UNet

  • the word semantic means it does not matter an image of an apple, text - β€œapple”, or your mind thinking apple, it means the same!

  • UNet performs semantic segmentation

What is UNet architecture?

  • the UNet architecture has a U shaped transformation where the left part is called the encoder, the bottom is called the bottleneck and the right part is the decoder

  • the unique part in UNet is that is uses skip connections between the respective layers in encoder and decoder to better train the network and preserve the original image characteristics which helps the gradients flow better during backprop!

  • input image is of dim - 572 x 572 x 1 (gray scale image)

  • 3 x 3 x 1 filter convolution with 64 filters result in 570 x 570 x 64 output dim

  • another convolution by 3 x 3 x 64 result in 568 x 568 x 64 output dim

  • after block 1 when it goes to block 2, it goes through a max pooling layer of 2 thus it loses half of its width and height - 284 x 284 x 64

  • then it goes through another 3 x 3 x 64 filter conv of 128 filters reaching dim 282 x 282 x 128 and so on..

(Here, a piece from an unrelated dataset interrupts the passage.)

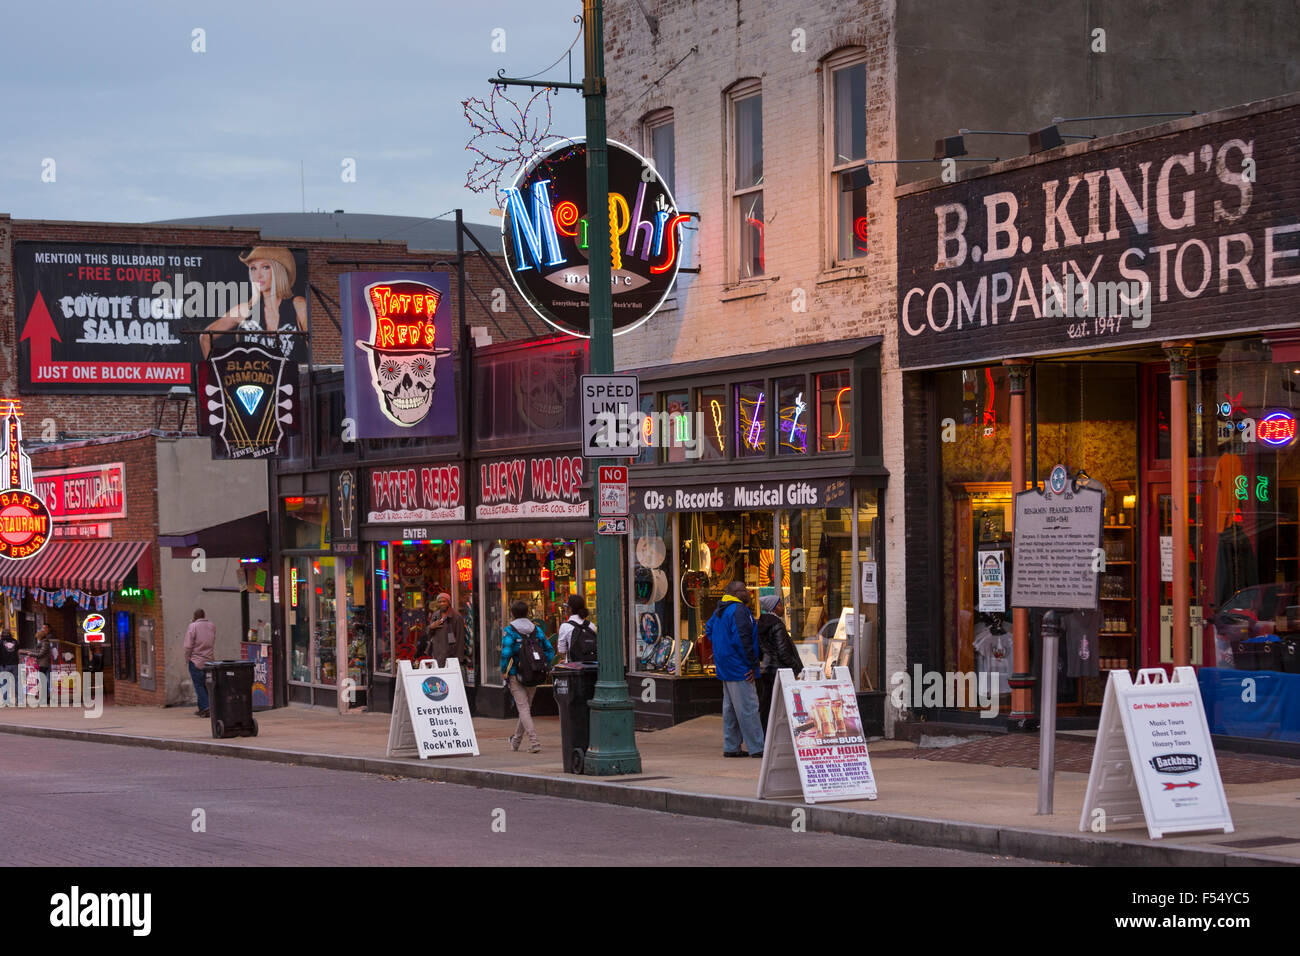 BB King's Company Store e i locali musicali nel leggendario quartiere dei divertimenti di Beale Street di Memphis, Tennessee, Stati Uniti d'America Foto Stock

  • finally it reaches the bottleneck where it has the dim of 32 x 32 x 512 and there are 3 consecutive convolutions to have the final output of 28 x 28 x 1024 and then it gets up-convoluted using bilinear interpolation to have an output of 56 x 56 x 1024

  • there is also a copy and crop operation that takes place and concatenates the encoder outputs after cropping its input dim to match the decoder input dimension and directly concatenates it along the channel dim!

  • concatenation makes sure that the image has both the abstract representation coming from the bottleneck and the original representations from the encoder!

  • so in summary we are compressing the image and then decompressing it to get back the actual image! in the process we definitely lose a lot of information like the dimension of the original image is no longer preserved if you observe we started from 572 x 572 x 1 and at the end we finally have an image of size 388 x 388 x 2

  • the final channel dim 2 represents the 2 image masks for the class and the background in the image!

parts of unet:

  • encoder - compresses the image into an abstract representation by convolution and max pooling
  • bottleneck - loss of representation is prevented because there are multiple channels
  • decoder - scales back the image into its original dim

unet loss

loss = (loss due to pixel mismatch + loss due to object alignment) / 2

  • just looking at how many pixels were predicted correctly will not work
  • we must also look at false positive and true positive object detections

202606031256